Tue Nov 20 08:50:46 UTC 2018

After discussions with Kim I've decided to split out the NJT list update 
into a separate RFE:

https://bugs.openjdk.java.net/browse/JDK-8214097

So only the change in management.cpp needs reviewing and testing.

Updated webrev:

http://cr.openjdk.java.net/~dholmes/8212207/webrev.v2/

Thanks,
David

On 20/11/2018 10:01 am, David Holmes wrote:
> Bug: https://bugs.openjdk.java.net/browse/JDK-8212207
> webrev: http://cr.openjdk.java.net/~dholmes/8212207/webrev/
> 
> There is an internal management API that reports CPU times for 
> NonJavaThreads (NJTs). That functionality requires a valid/live target 
> thread so that we can use its pthread_t identity to obtain its CPU clock 
> via pthread_getcpuclockid().
> 
> There is an iteration mechanism for NJTs in which the NJT is registered 
> during its constructor and de-registered during its destructor.
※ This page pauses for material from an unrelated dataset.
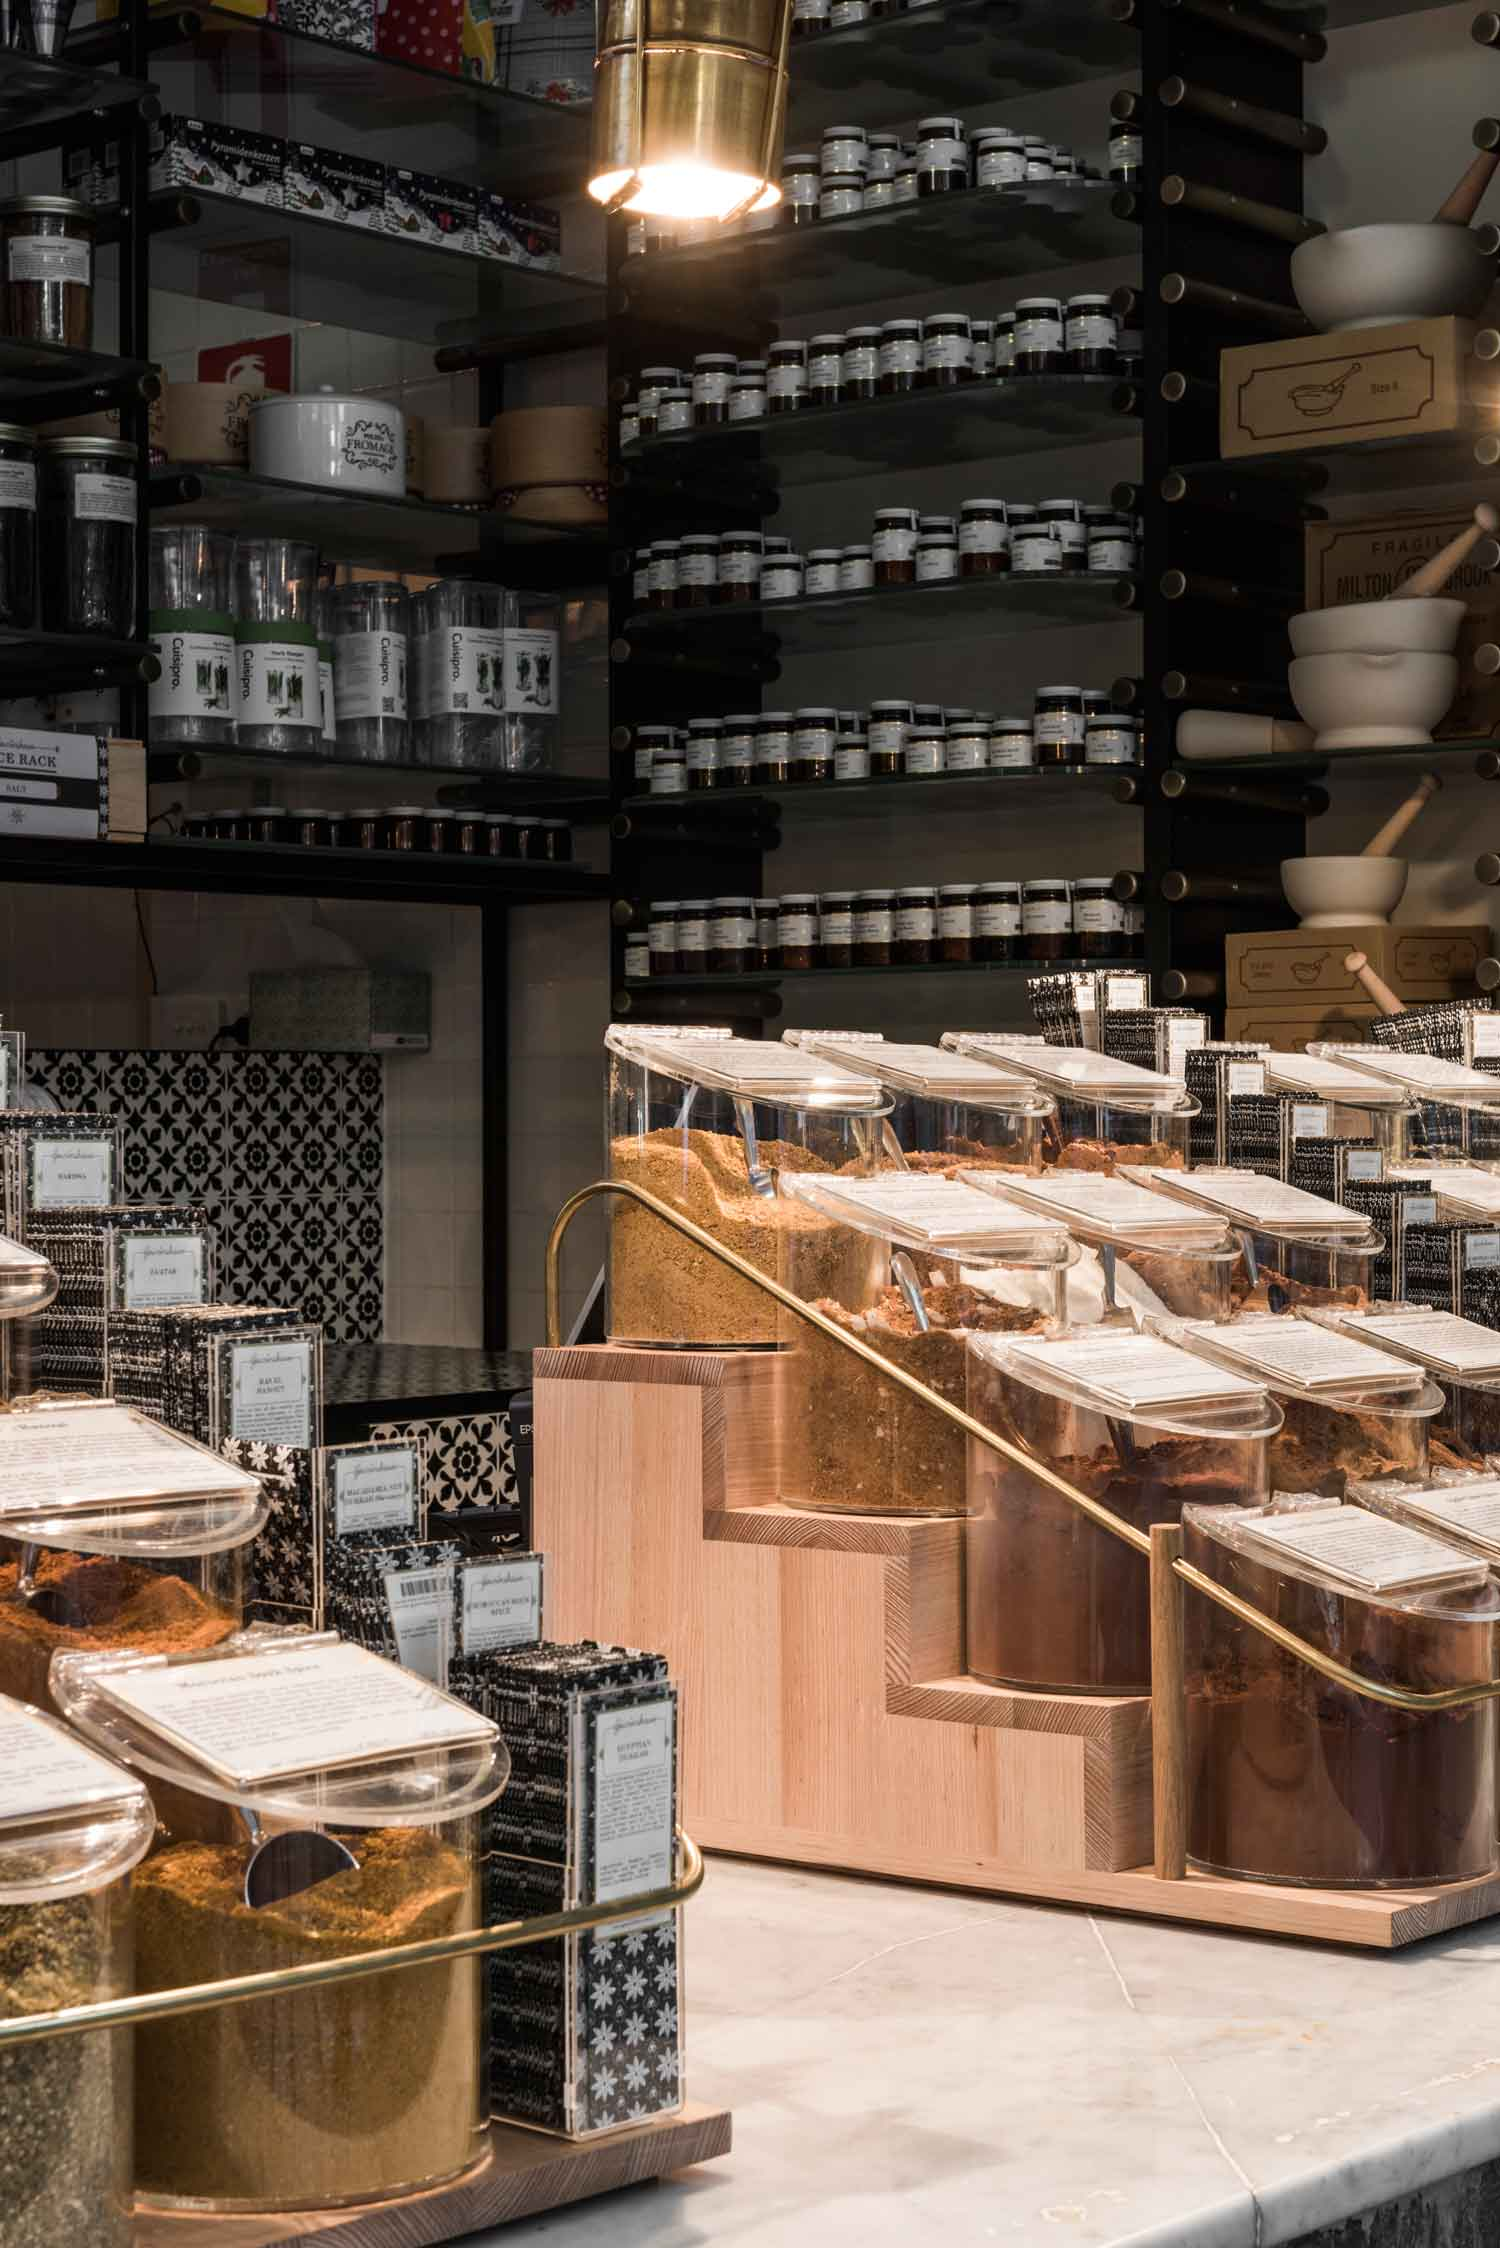 Gewurzhaus Merchants Stores By Doherty Design Studio

A thread 
> that has only been constructed has not yet executed and so is not a 
> valid target for this management API. This seems to be the cause of 
> failures reported in this bug (and JDK-8213434). Registering a NJT only 
> when it starts executing is an appealing fix for this, but that impacts 
> all current users of the NJT list and straight-away causes a problem 
> with the BarrierSet initialization logic. So I don't attempt that.
> 
> Instead the first part of the fix is for ThreadTimesClosure::do_thread 
> to skip threads that have not yet executed - which we can recognize by 
> seeing an uninitialized (i.e. zero) stackbase.
> 
> A second part of the fix, which can be deferred to a separate RFE for 
> NJT lifecycle management if desired, tackles the problem of encountering 
> a terminated thread during iteration - which can also lead to SEGVs. 
> This can arise because NJT's are not actually "destructed", even if they 
> terminate, and so they never get removed from the NJT list. Calling 
> destructors is problematic because the code using these NJTs assume they 
> are always valid. So the fix in this case is to move the de-registering 
> from the NJT list out of the destructor and into the Thread::call_run() 
> method so it is done before a thread actually terminates. This can be 
> considered a first step in cleaning up the NJT lifecycle, where the 
> remaining steps touch on a lot of areas and so need to be handled 
> separately e.g. see JDK-8087340 for shutting down WorkGang GC worker 
> threads.
> 
> Testing: tiers 1 -3
> 
> I should point out that I've been unable to reproduce this failure 
> locally, even after thousands of runs. I'm hoping Zhengyu can test this 
> in the conditions reported in JDK-8213434.
> 
> Thanks,
> David